Description of the task: Could you copy exactly the lines below, beginning at the line with "83平方米小高层转角单元一梯住宅户型设计cad图(含效果图)" and stopping after the line with "La boda de Míriam", with no pictures?
*** Source data ***
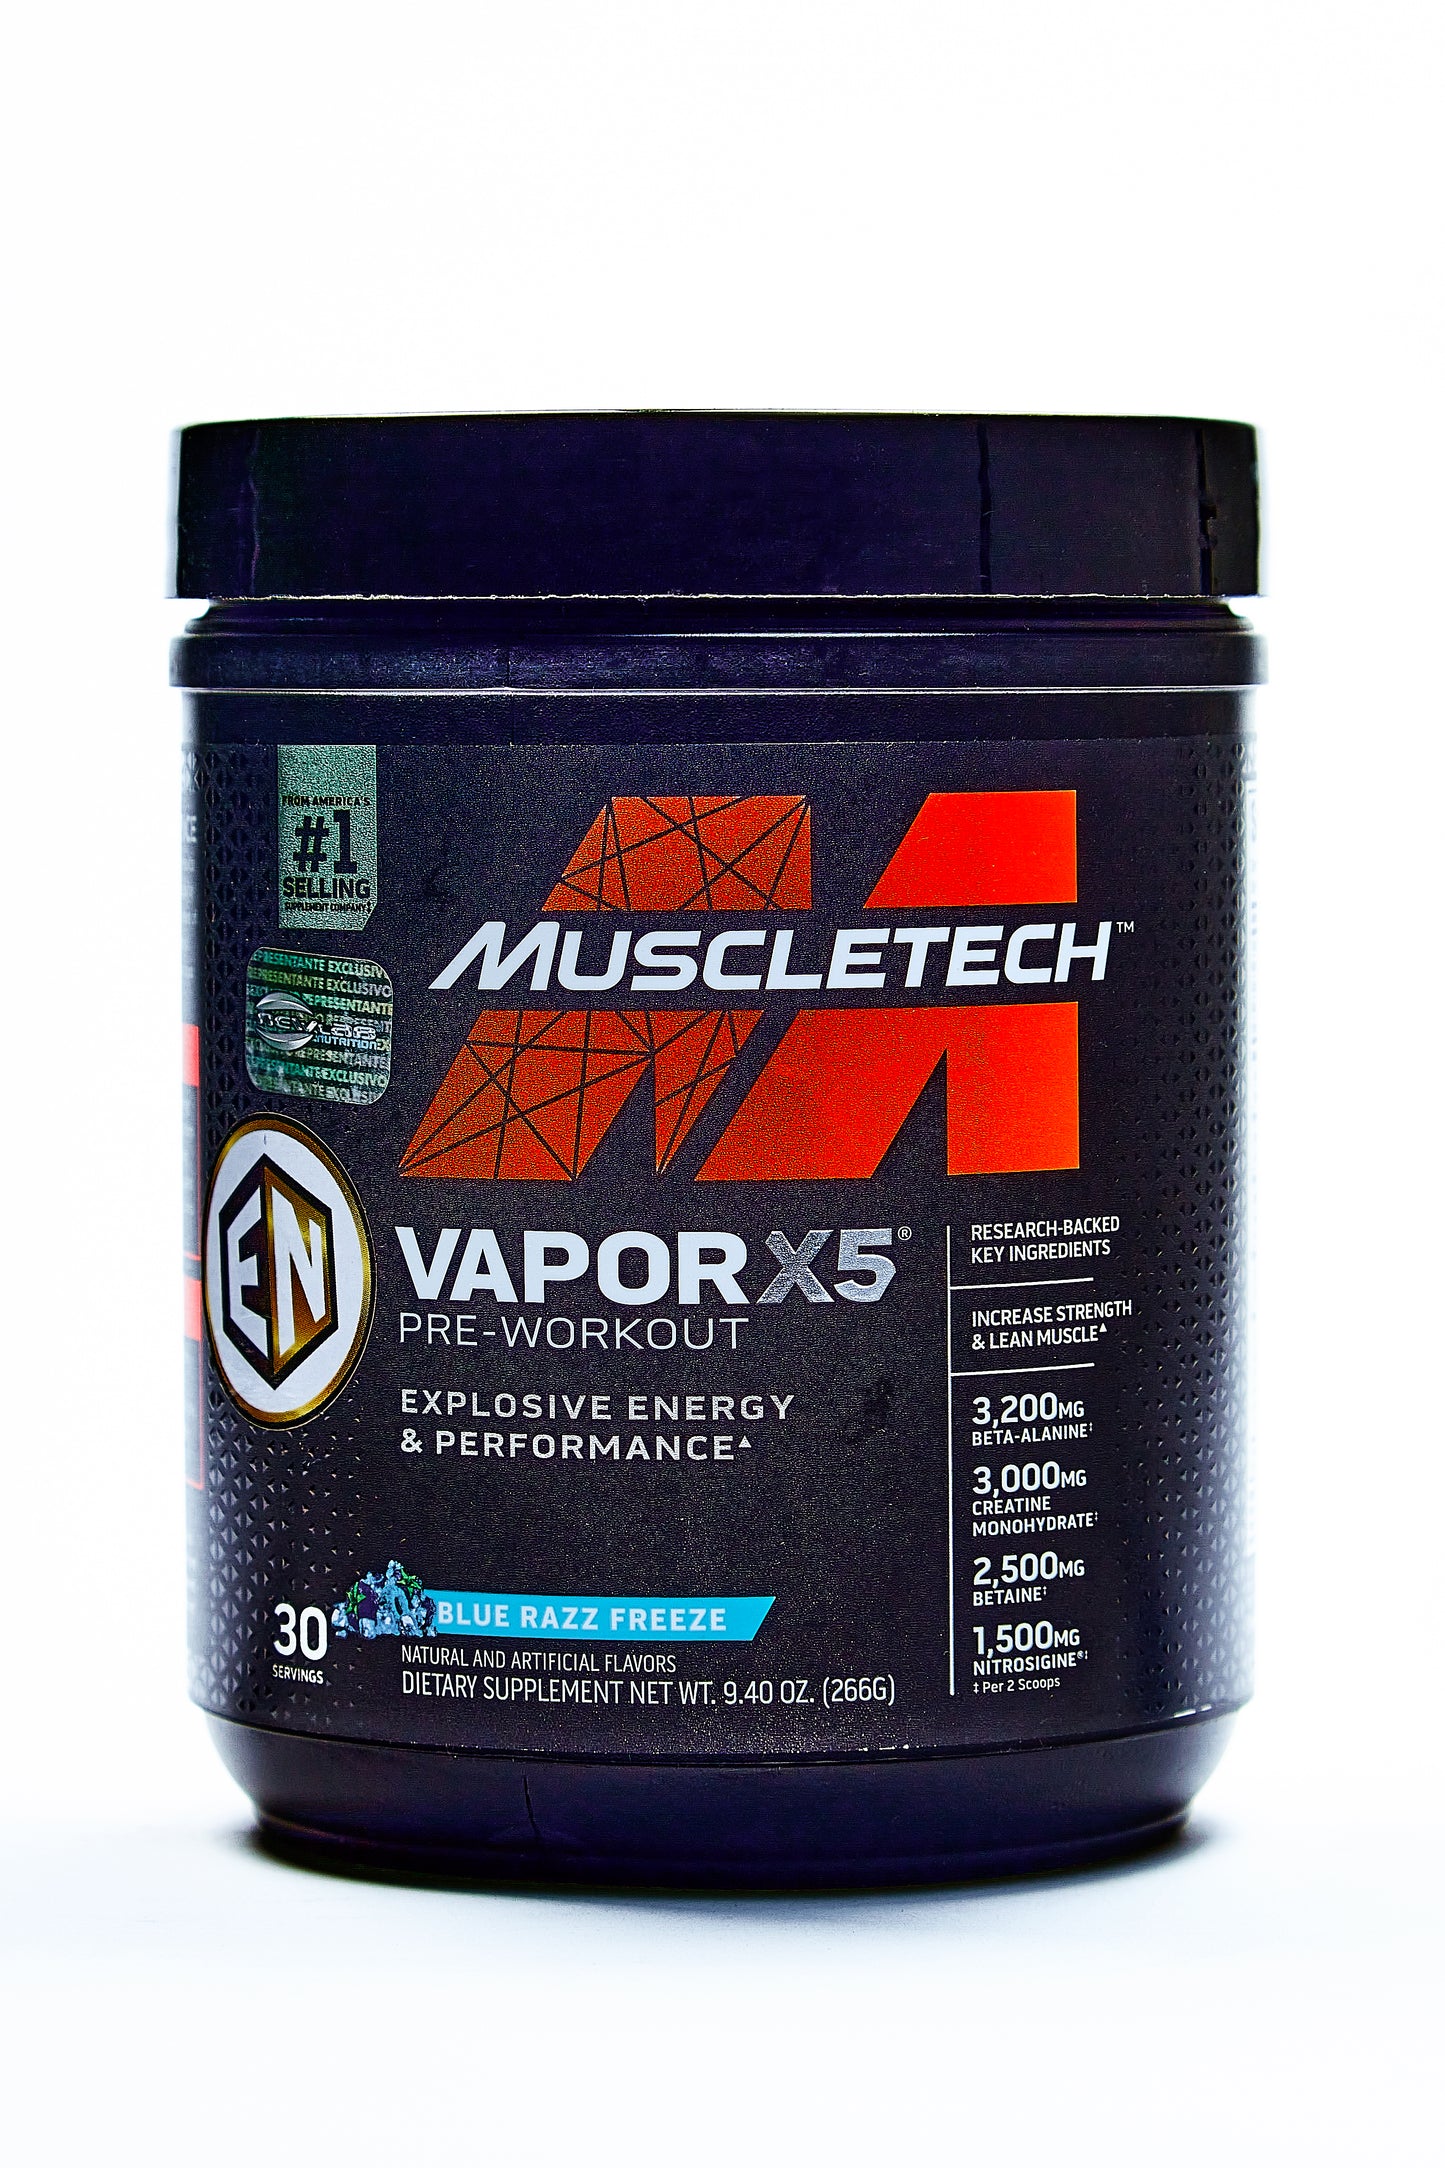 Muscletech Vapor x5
***
*** Source data ***
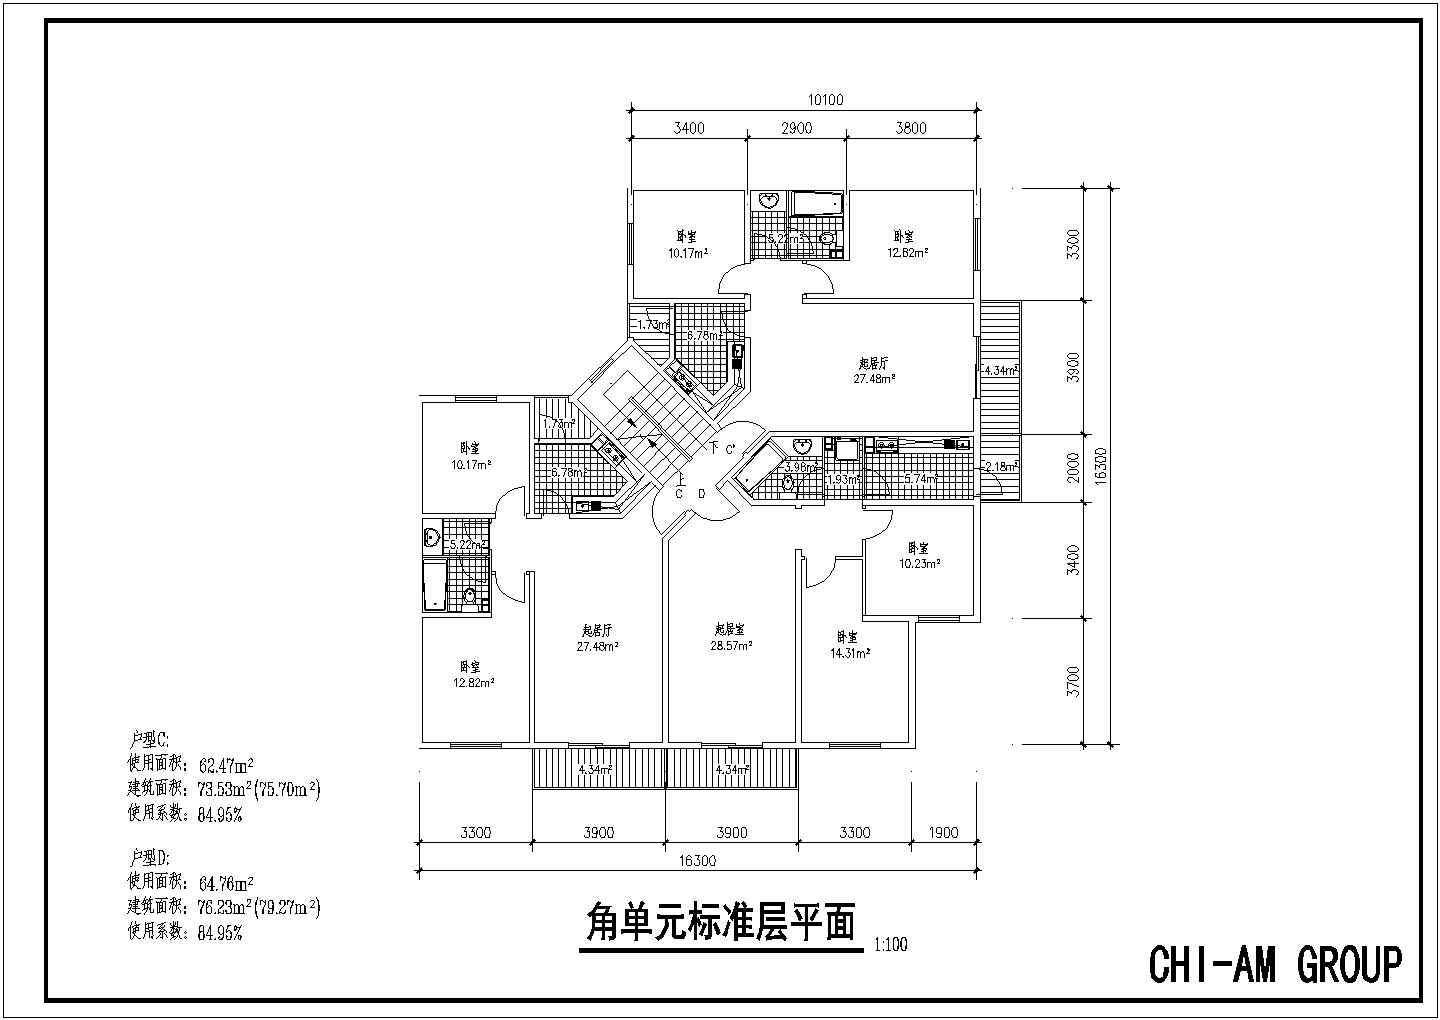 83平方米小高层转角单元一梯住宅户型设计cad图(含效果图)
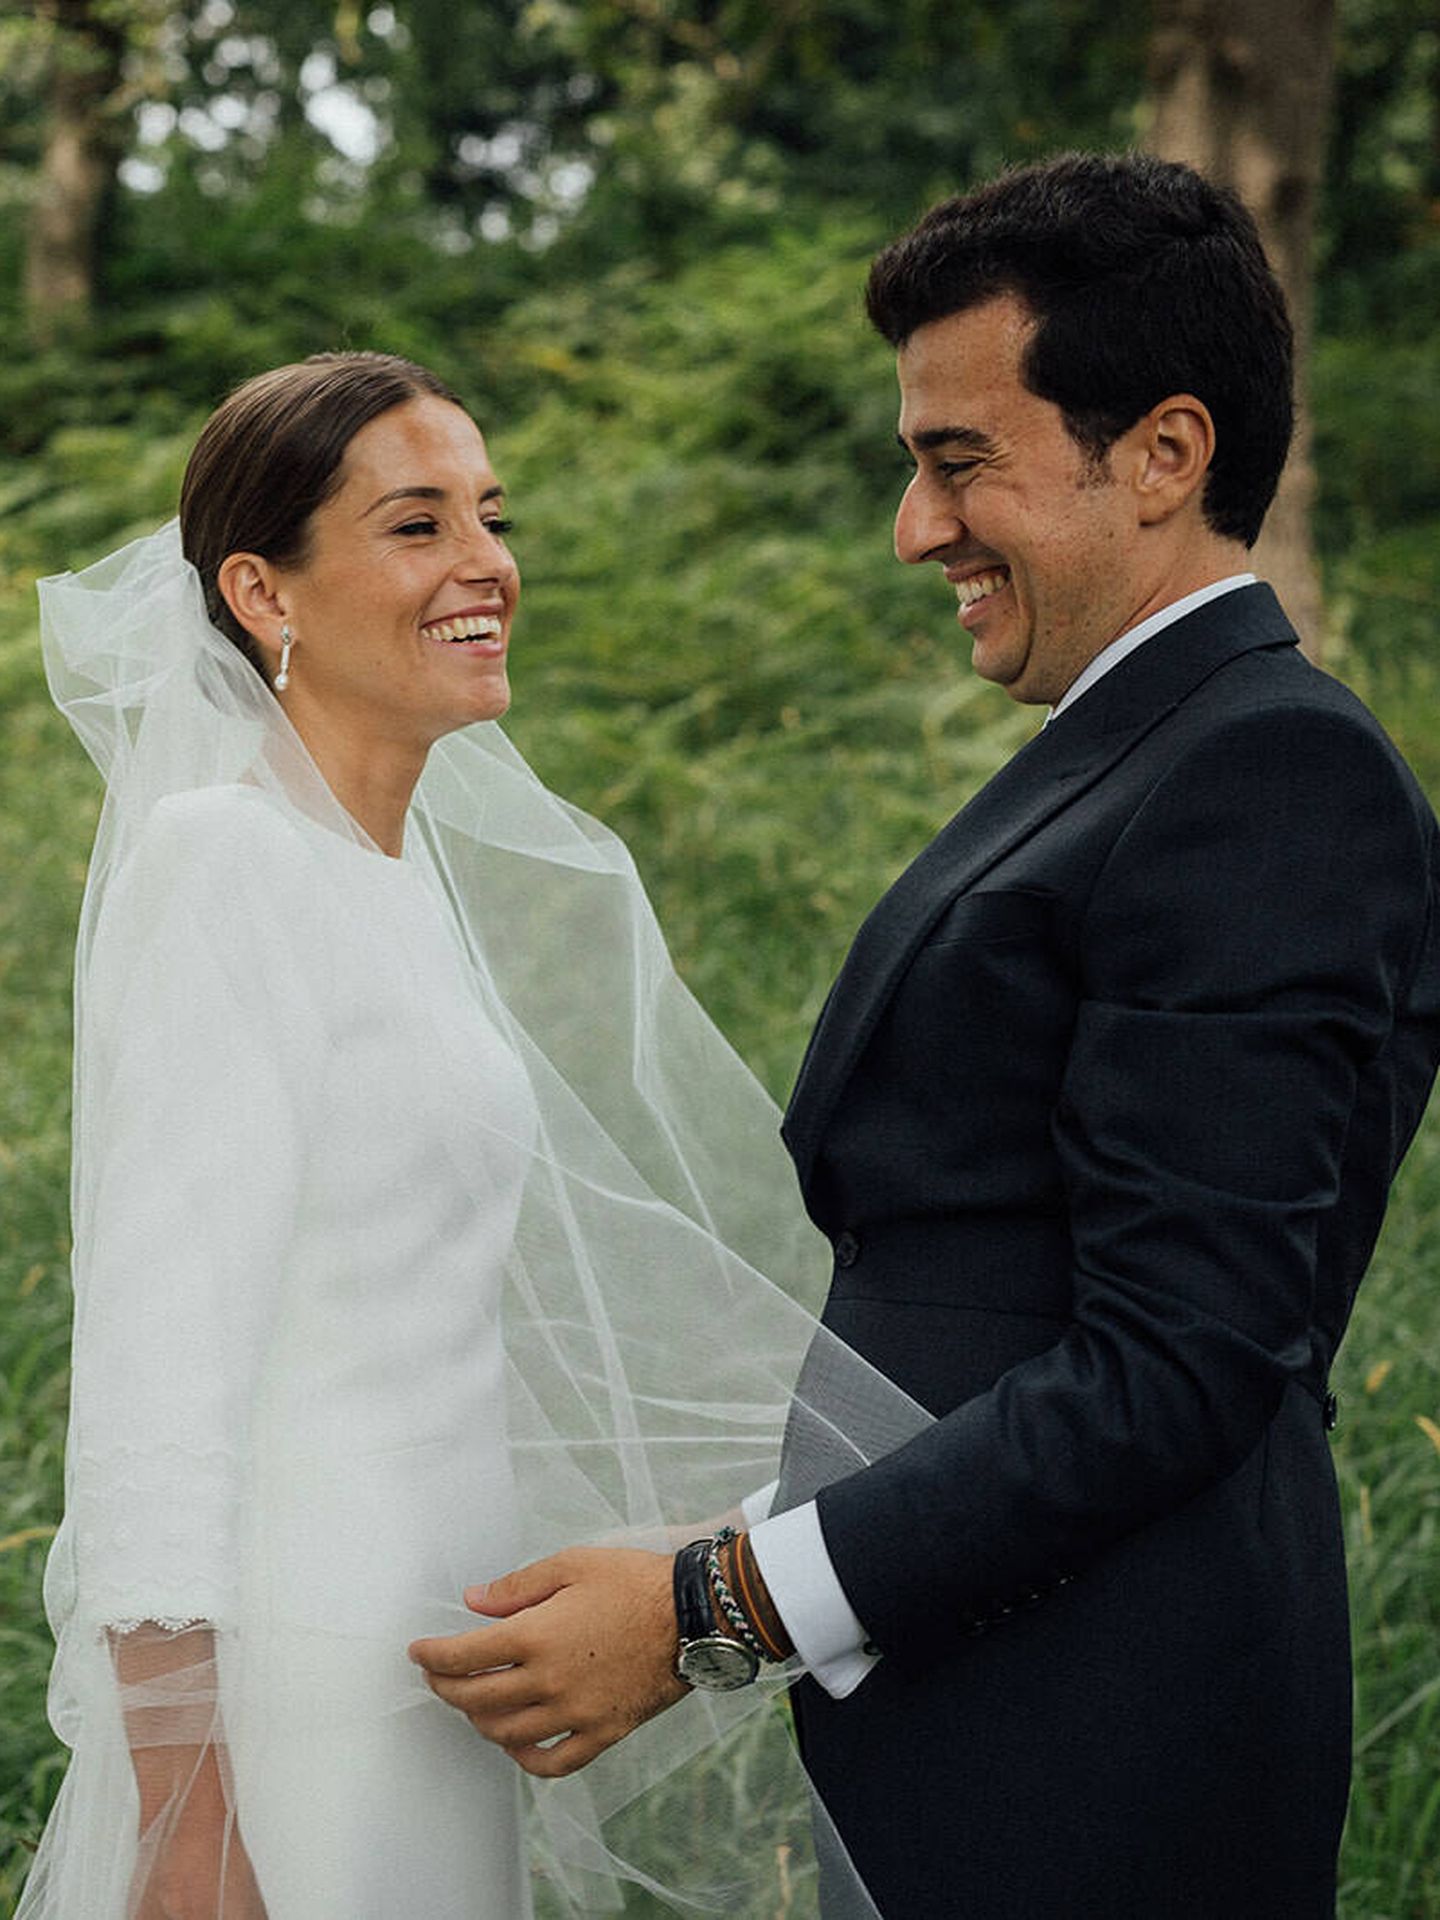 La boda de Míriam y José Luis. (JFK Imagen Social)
***
Your response:
 83平方米小高层转角单元一梯住宅户型设计cad图(含效果图)
 La boda de Míriam y José Luis. (JFK Imagen Social)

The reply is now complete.